American Visions: The Epic History of Art in America is a 1997 book by art critic Robert Hughes. It was also turned into a 6-part documentary series featuring the author.

Contents
O My America, My New Founde Land
The Republic of Virtue
The Wilderness and the West
American Renaissance
The Gritty Cities
Early Modernism
Streamlines and Breadlines
The Empire of Signs
The Age of Anxiety

Reception
Booklist called American Visions a "sensational history of American art." and wrote "The contrast between the influence of nature and of the city on American art is the fulcrum of Hughes' entire narrative ..." and Choice Reviews stated "The book bears the stamp of the author's aesthetic sensibilities (which value works of art for their technical competence as well as visual and intellectual qualities), his critical acuity, and his accomplished writing."

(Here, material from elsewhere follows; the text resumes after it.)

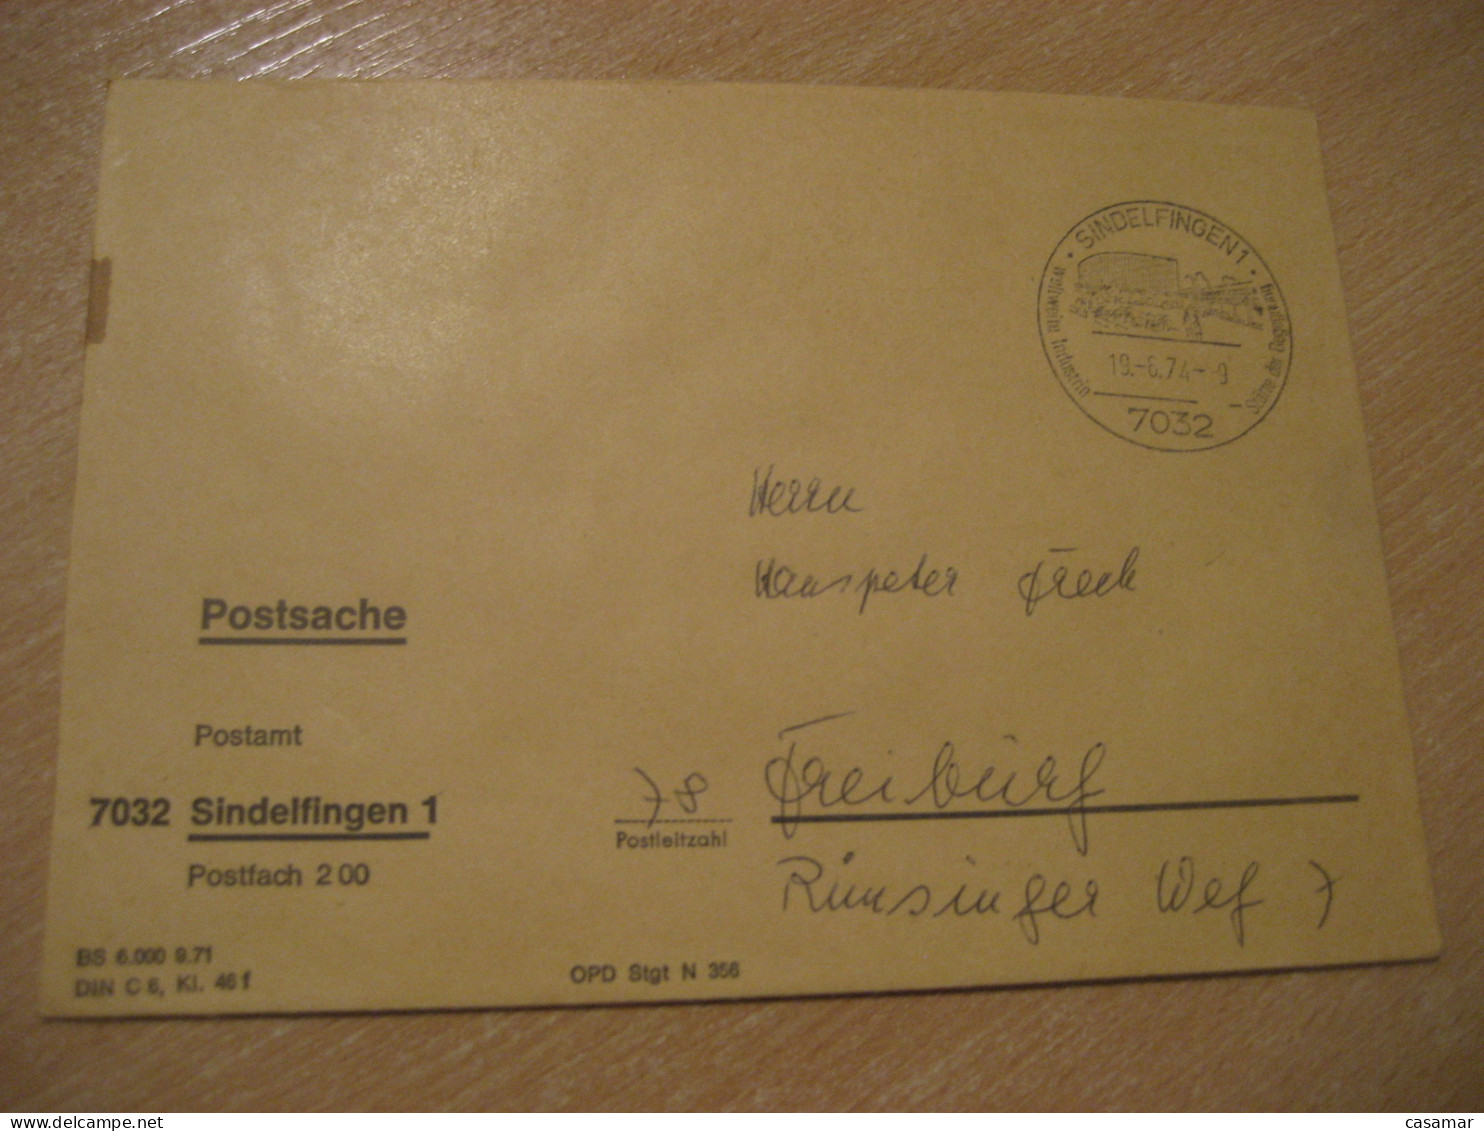 SINDELFINGEN 1974 To Freiburg Postage Paid Cancel Cover GERMANY - Covers & Documents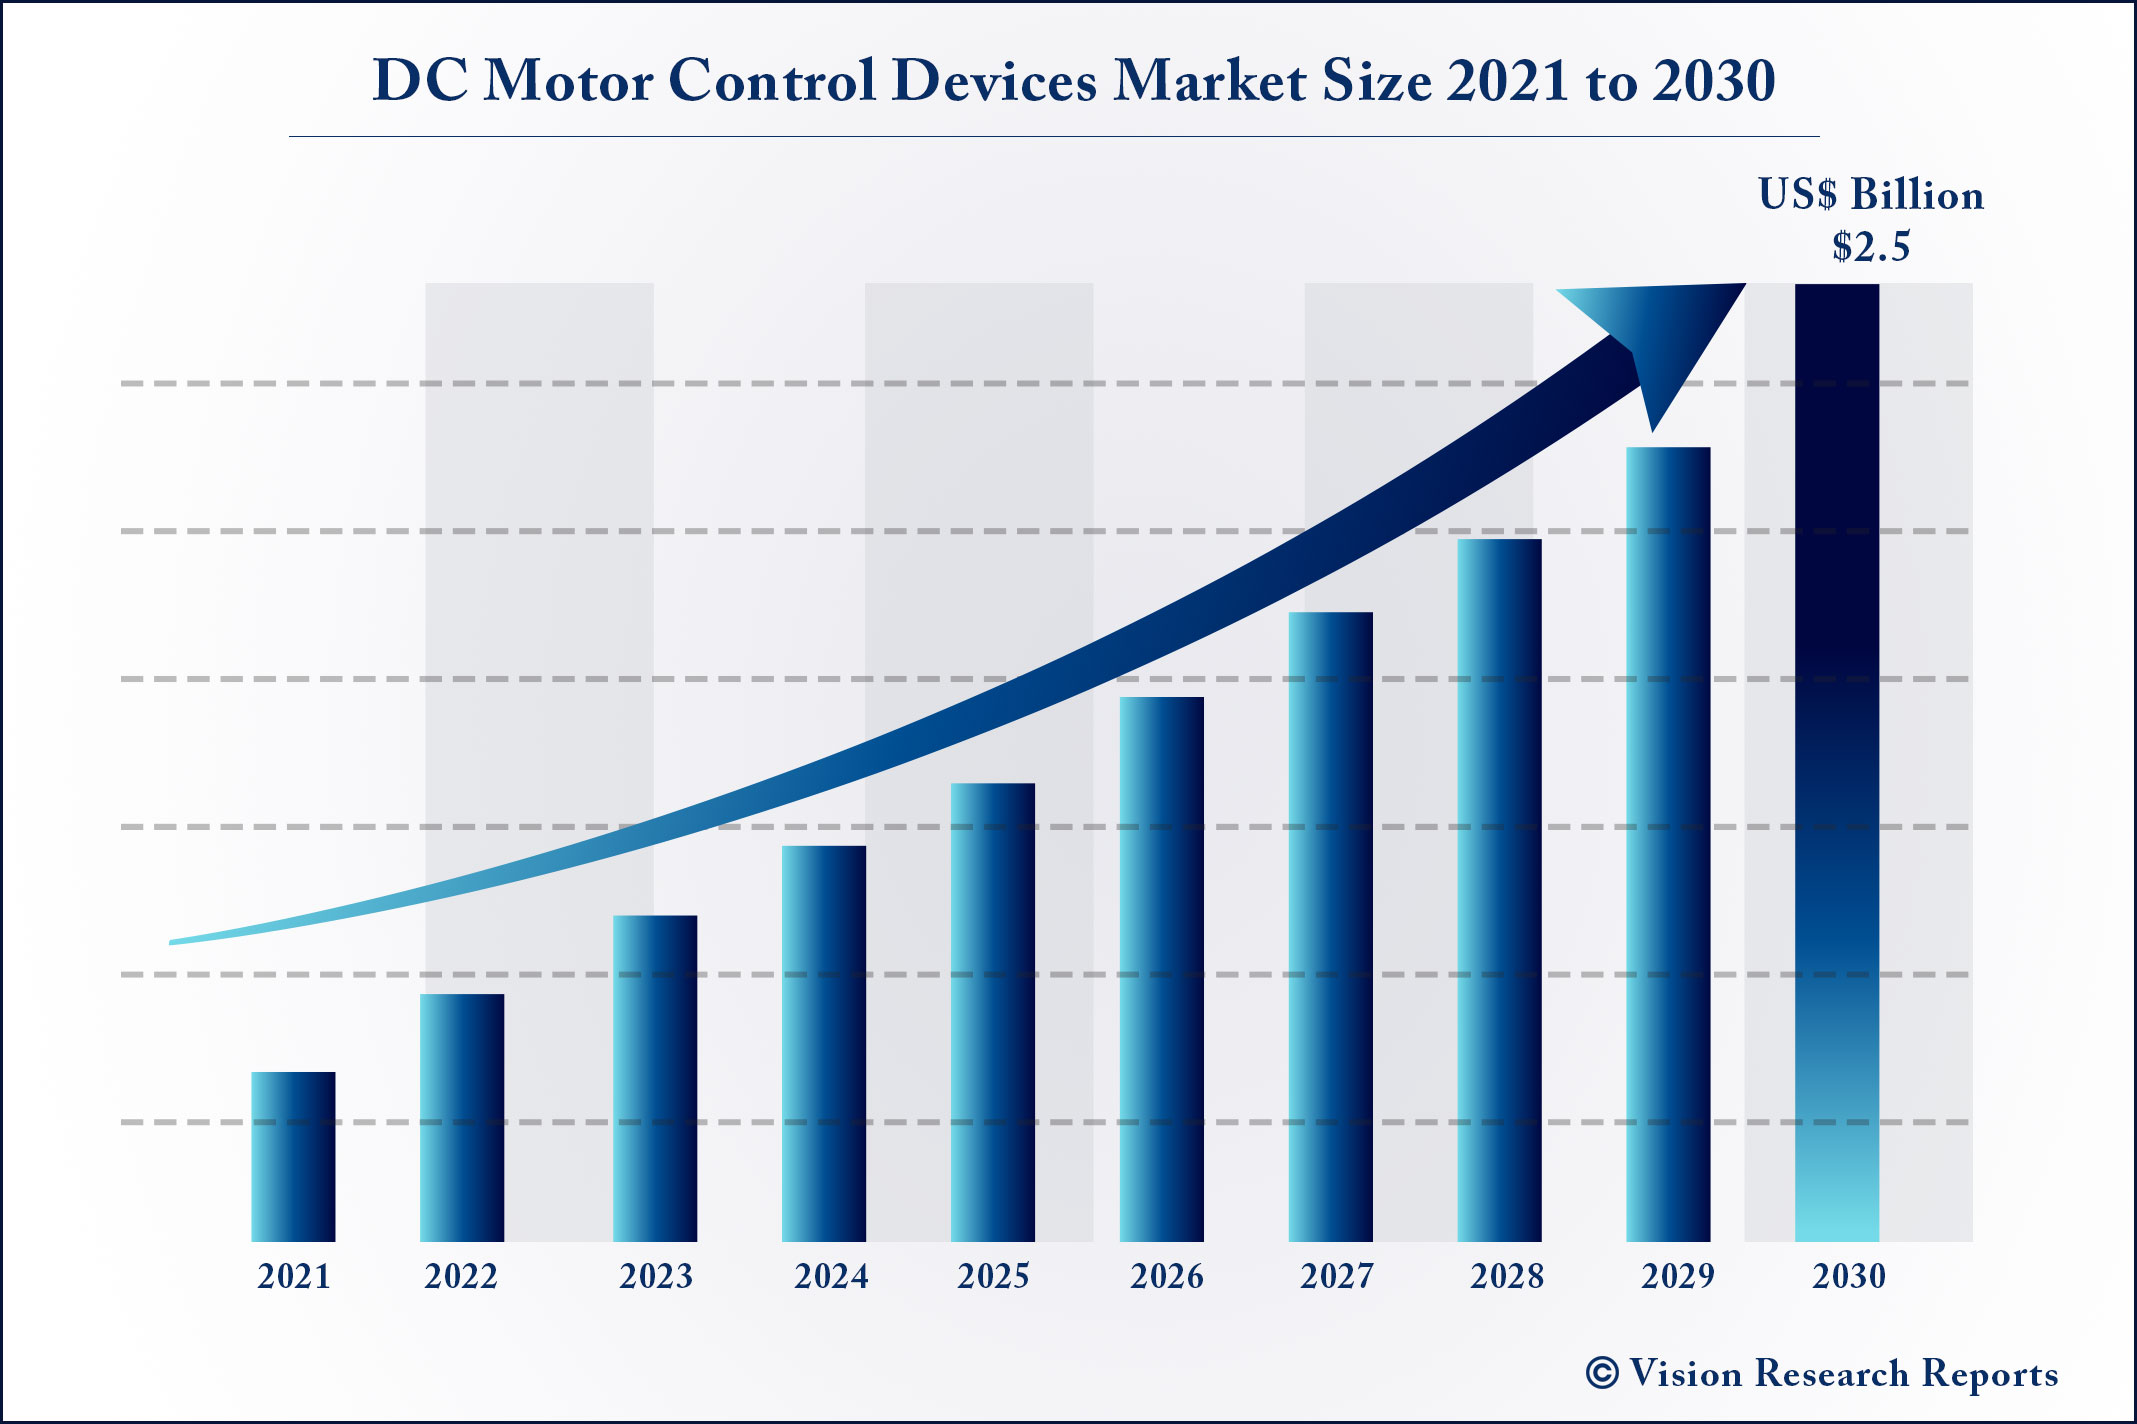 DC Motor Control Devices Market Size 2021 to 2030

Kirkus Reviews gave a starred review and described it as an "eminently readable handbook on American art.", writing "His readings of three centuries of both art works and trends are lively, detailed, and persuasive (though perhaps a bit too harsh regarding recent art), and his ultimately pessimistic take is expressed with great clarity. A meaty and illuminating excavation, full of vigor and punch..." Publishers Weekly noted "this is no bland, dumbed-down survey intended to flatter its subject or its audience. Hughes writes with an aesthete's disdain for political posturing, a traditionalist's belief in the importance of technical skills (painters are frequently taken to task for their shoddy draftsmanship) and a pragmatist's contempt for mystagogical bunk.", found "his account of the contemporary scene is disappointingly brief." and concluded "This slashingly witty, briskly paced, ferociously opinionated tour of the American visual landscape is a book that even the most un-likeminded readers will love to hate."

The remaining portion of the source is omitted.